The Transport Mechanism of an Organic Cation, Disopyramide, by Brush-border Membranes. Comparison Between Renal Cortex and Small Intestine of the Rat

Abstract

Abstract The characteristics of disopyramide uptake in brush-border membrane vesicles isolated from rat renal cortex and small intestine were investigated. Transport of disopyramide into an osmotically reactive intravesicular space was observed with notable binding to the membrane surface. An outwardly directed H+ gradient stimulated disopyramide uptake, resulting in a transient uphill transport in both brush-border membranes.
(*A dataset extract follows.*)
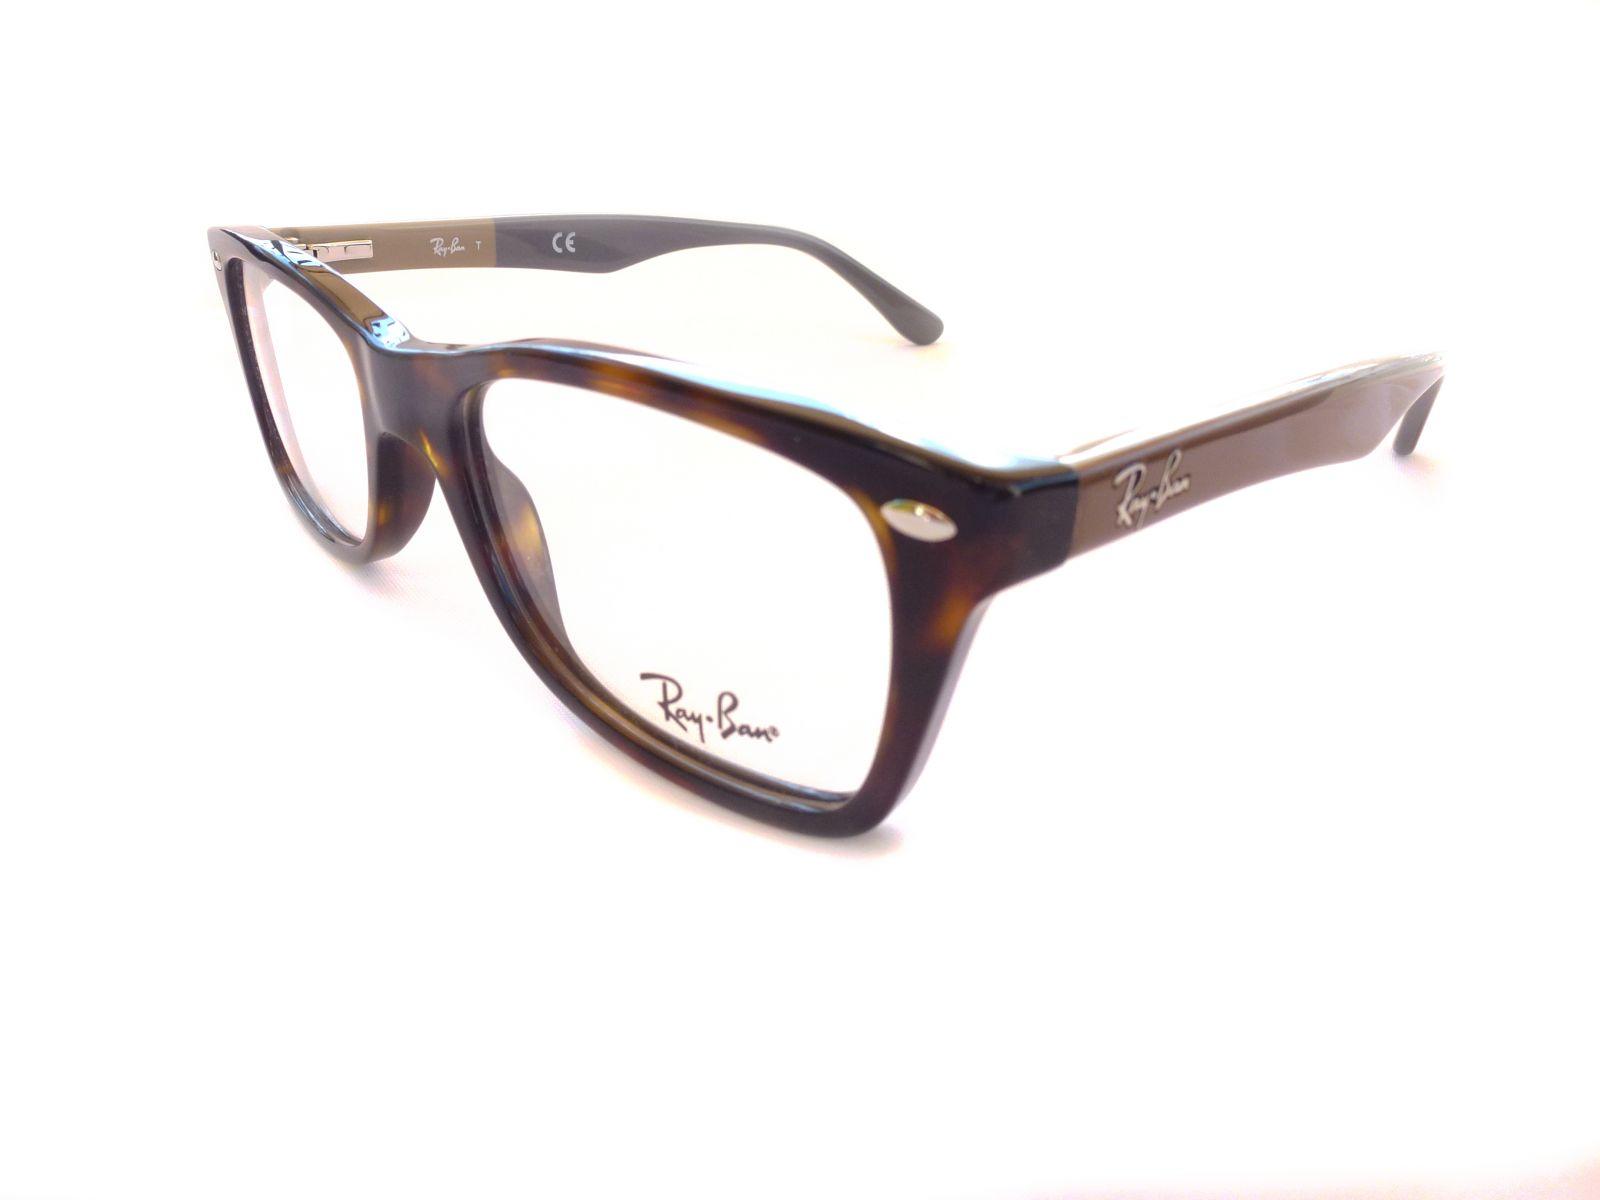 800b049ebd Ray Ban Reading Glasses Rb5228 « Heritage Malta

As for the renal brush-border membrane, the H+ gradient itself appeared to be the driving force for this stimulation of uptake. These findings suggest that disopyramide-H+ antiport is the mechanism of disopyramide action in renal cell membrane. The initial uptake was saturable (Km and Vmax of 680 μm and 1·25 nmol (mg protein)−1/30 s, respectively). The stimulation of disopyramide uptake by an outward H+ gradient in rat intestinal brush-border membrane was due to an interior negative H+-diffusion potential. A K+-diffusion potential (interior negative) enhanced disopyramide uptake. These results suggest that there are different mechanisms of disopyramide uptake for renal and intestinal brush-border membrane vesicles.